How does an artist know when a work is done? There are many ways to keep this ball in the air. Sometimes a final signature is added only when a painting is sold rather than completed. Join Pamela Beck in her newest installment of ArtDart as she comments on “Is a Painting Ever Done?”

ARTdart: There are as many ways to think about art as there are to create it. Join Pamela Beck in her column, ARTdart, as she explores and considers the different perspectives that define the art world.

Recently, an artist friend told me that he loves to shop online. “I make a decision; I click a button; I’m asked if my selection is final; and then I get to say ‘yes’.”

Following this announcement, he pumped his clenched fist triumphantly in the air before my blank expression. He then realized that I wasn’t quite sure where victory fit into his recent purchase of a Chicago Cubs Crystal Freezer Mug from Amazon.com, so he added, “I love that moment of satisfaction when I get to confirm that my action is complete and done. It’s not a feeling I have very much when I paint.”

My friend had better put his credit card under lock and key because, from what others artists have told me, many a good painting has been ruined by sentences that begin with “It’s almost done but needs a little more …..”

Knowing when a painting is finished can be challenging for artists. As difficult as that can be to understand for the task-driven among us, an artist will often overwork, overanalyze or even destroy paintings that to others appear not only done, but perfect. The artist’s self-questioning can take on the obsessive zeal of an eyebrow-plucker who winds up hairless after return trips to the mirror.

But it’s not an uncommon state of mind for an artist:

When something is finished, that means it’s dead, doesn’t it? I believe in everlastingness. I never finish a painting – I just stop working on it for a while.
Arshile Gorky

The Artist and His Mother (ca. 1926-1936) by Arshile Gorky
The Artist and His Mother (ca. 1926-1936) by Arshile Gorky

How does an artist know when a work is done?
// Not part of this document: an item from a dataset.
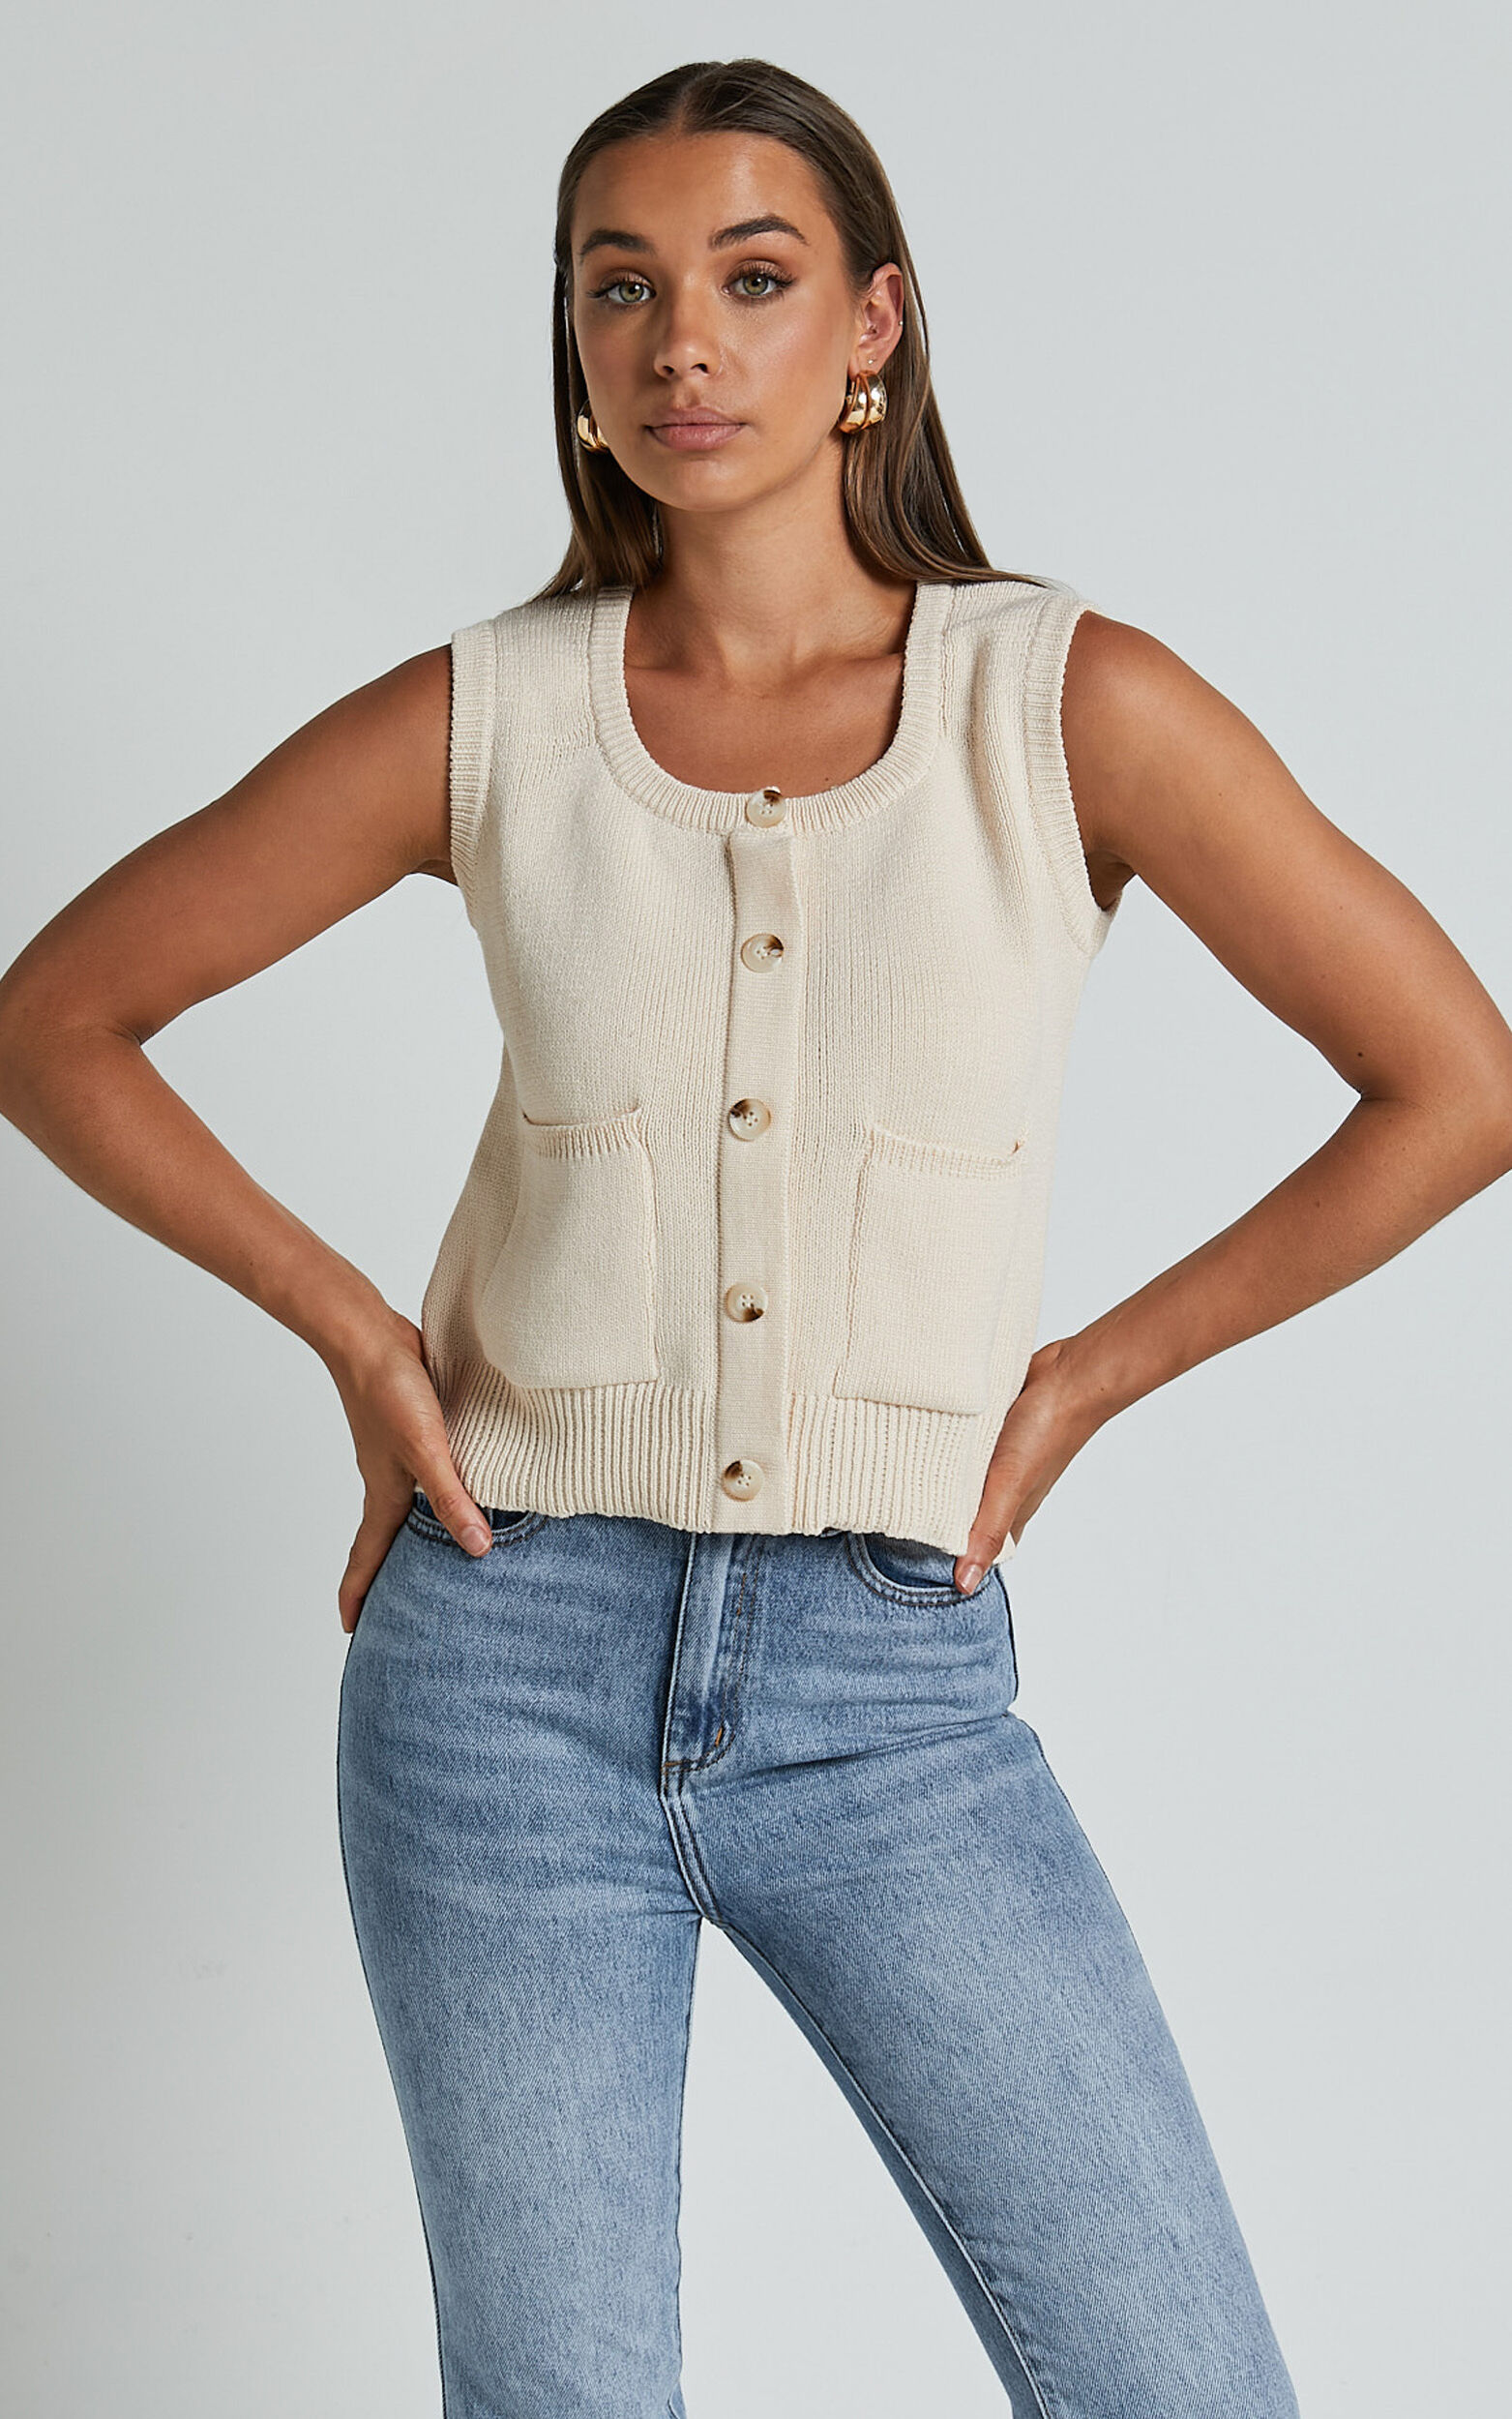 Ricky Vest - Knitted Button Through Vest in Cream - L, CRE1

There are many ways to keep this ball in the air. Sometimes a final signature is added only when a painting is sold rather than completed. This leaves the door open for the artist to continually return to a painting before it leaves the nest; at which point the artist may declare it finally “done.” But even after a painting has been sold, artists often wish they could get back into that canvas and give it a little tweak.

Some artists never feel their paintings are finished. Although they usually want and/or need to sell their work, they’re also quite content to keep their paintings around to dip back into. They feel that later on, something might come to them that enhances the work or better expresses their intentions. Or perhaps, for whatever personal reasons, the artist isn’t ready to let go of it.

No painting stops with itself, is complete of itself. It is a continuation of previous paintings and is renewed in successive ones…
Clyfford Still

Clyfford Still, 1957-D No. 1, 1957, oil on canvas, 113 x 159 in
Clyfford Still, 1957-D No. 1, 1957, oil on canvas, 113 x 159 in

Often you can see specific “periods” in artists’ work—where it’s clear that personally compelling ideas and techniques are being explored in one painting after another. Even for the viewer, let alone for the artist, it can feel like these paintings are extensions of the same themes, as the artist explores his/her own reactions. At these times in particular, the distinction between where one painting ends and another begins can become blurry.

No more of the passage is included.